Numerous researchers and educators declare that an sole reliance on standardized test scores for identification will keep out a large body of gifted students, as well as those who are culturally and ethnically different from the conventional gifted population. These gifted students may comprise those who are not native English speakers, those who are from low income families, or those who live in geographically remote locations (Clementson & Wenger, 2008; Krejcie & Morgan, 2000). Certainly, empirical evidence shows that children of color are under-represented in gifted programs partially due to insufficient identification measures and/or measures (Council of Chief State School Officers, 2005). To solve the under-identification and under-serving of a lot of gifted students, researchers advise the use of manifold measures and diverse types of instruments as part of the classification process (Appalachia Educational Lab, 2004). Standardized intelligence tests or achievement tests are not competent in measuring multidimensional human intelligence because the tests are essentially uni-dimensional and ethnocentric, which will never benefit non-mainstream ethnic groups. They propose that teacher nominations and grades are in addition not good predictors of students' academic prospective because they are either resolute primarily by students' performance in class, class attendance, and motivation, or by conventionality to teachers' demands and hopes in the classroom. A number of researchers advocate the utilization of other types of nontraditional measures for identification, such as student portfolios (Goetz & LeCompte, 2001; Callahan et al., 2005; Blumer, 2004; Shepard & Dougherty, 2006), checklists, or inspection forms (Wright, 2009), to fit in the diversity of cultural and environmental backgrounds in the identification process. Folder, a kind of context-based measure, which comprises of writing samples, journals, artwork, extraordinary projects, recordings of oral communication, etc., are recommended as a substitute for assessing students' academic potential (Goetz & LeCompte, 2001).

Proponents of standardized entrance tests have argued that even such marginal improvements on the predictive value of the high school record is better than nothing, and hence, the SAT and its ilk remain beneficial to colleges and universities. However, that claim has been shattered by the work of James Crouse and Dale Trusheim (Zemelman et al., 2008), who have shown in a number of ways that the SAT adds virtually no value for colleges in forecasting student performance in college. Consider, for instance, two prime objectives for undergraduate admissions offices: They want students who maintain good or passing grades and obtain a bachelor's degree. Admissions officers want to maximize their "correct" admissions; that is, the numbers of students who perform at or above some academic level (Appalachia Educational Lab, 2004).

That is a significant difference, and a good test of the theory that bright students, as indicated by test scores, ought…

Sources used in this document:
References

Appalachia Educational Lab. (1994). Perceptions of school change: Interviews with Kentucky students. A report submitted to the Kentucky caucus of the AEL board of directors. Charleston, WV: Author.

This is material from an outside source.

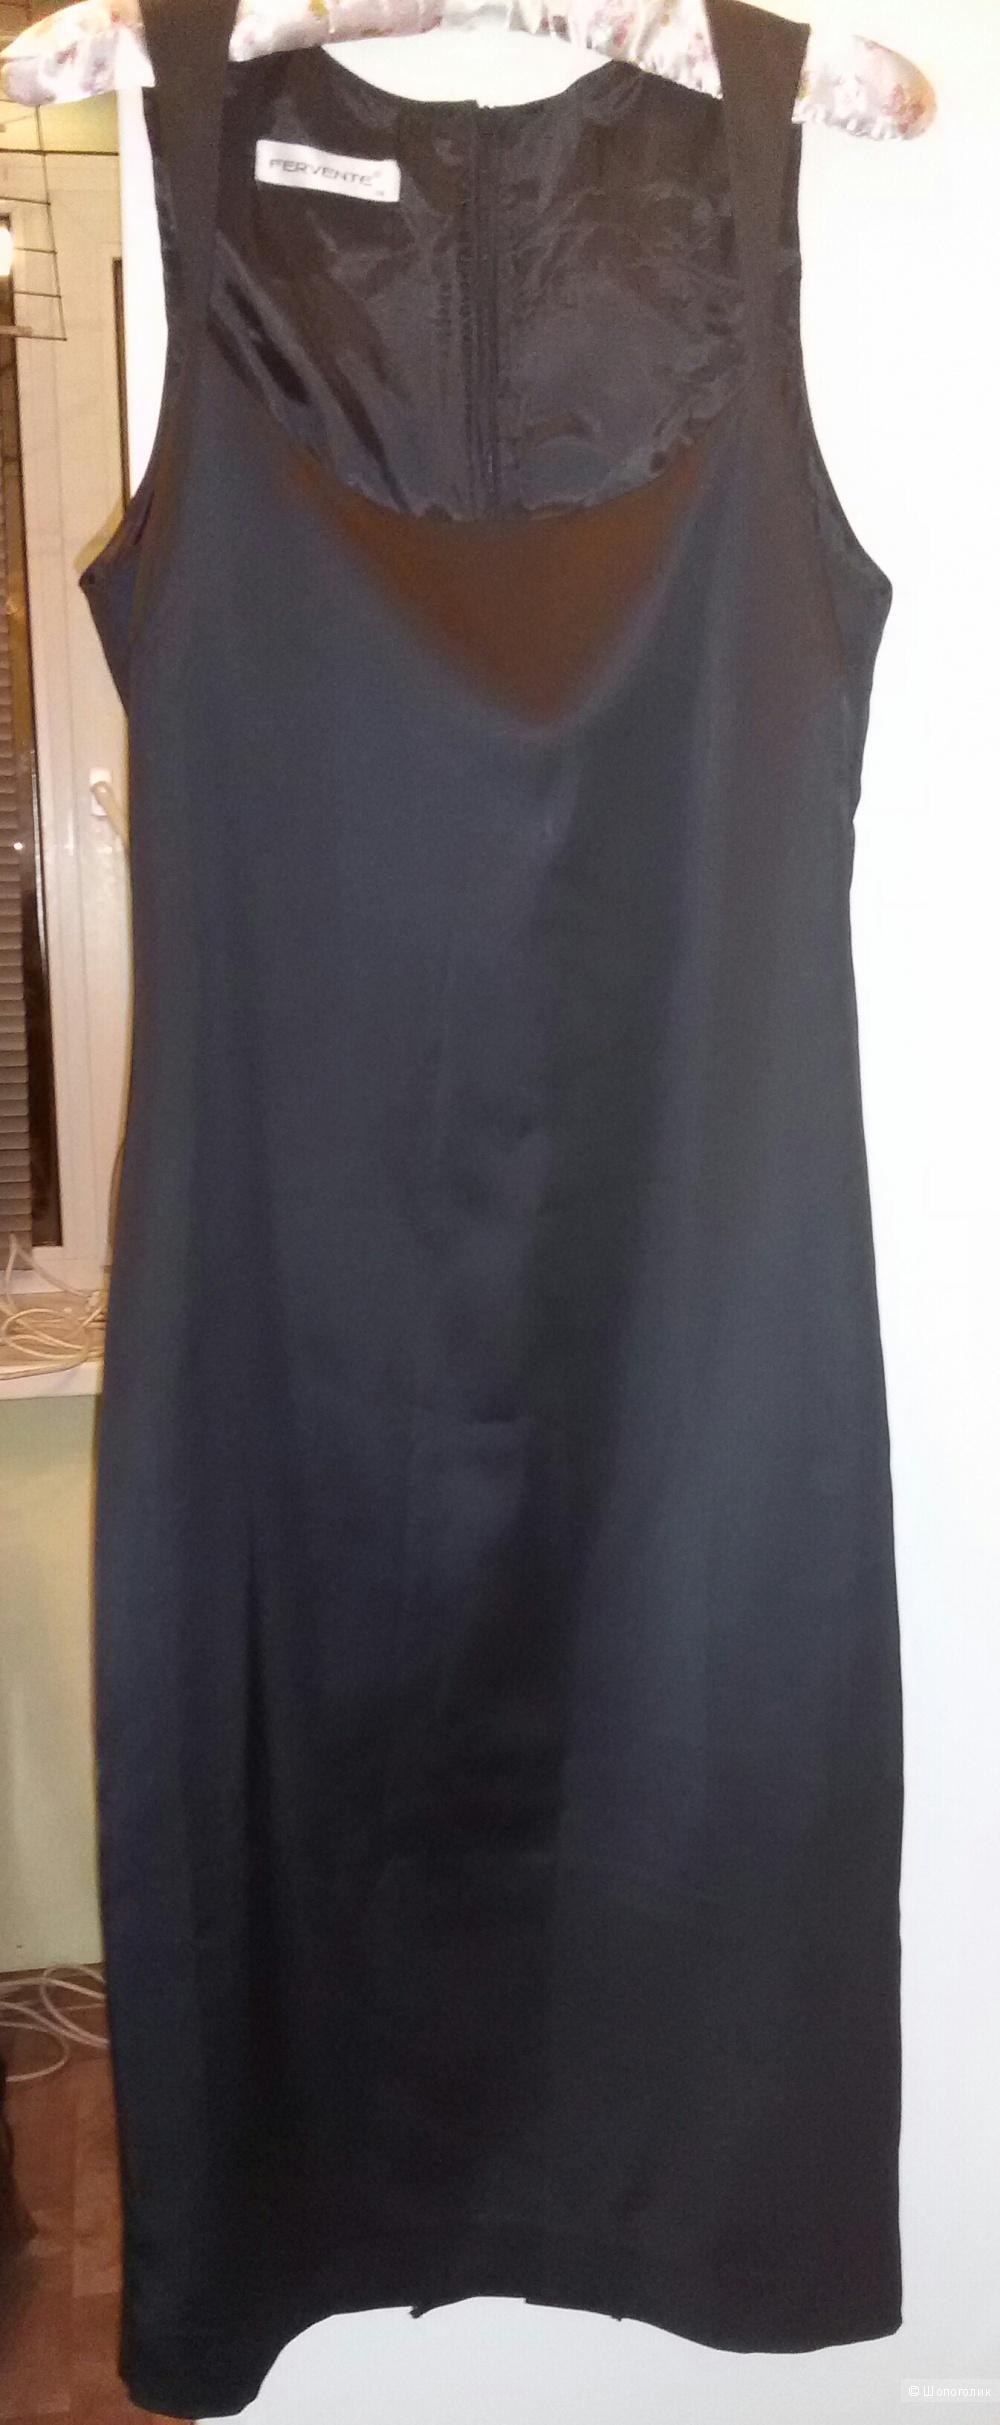 Платье Fervente, размер 44

Blumer, H. (2004). Symbolic interactionism. In J. Spradley (Ed.), Culture and cognition (pp. 65-83). Prospect Heights: Waveland Press.

Brown, D.F. (2002). Altering curricula through state testing: Perceptions of teachers and principals. Paper presented at the annual meeting of the American Educational Research Association, San Francisco, CA. (ERIC Reproduction Service No ED 344-925)

Callahan, C.M., Tomlinson, C.A., Hunsaker, S.L., Bland, L.C., & Moon, T.R. (2005). Instruments and evaluation designs used in gifted programs (Report No. 95132). Storrs, CT: National Research Center on the Gifted and Talented.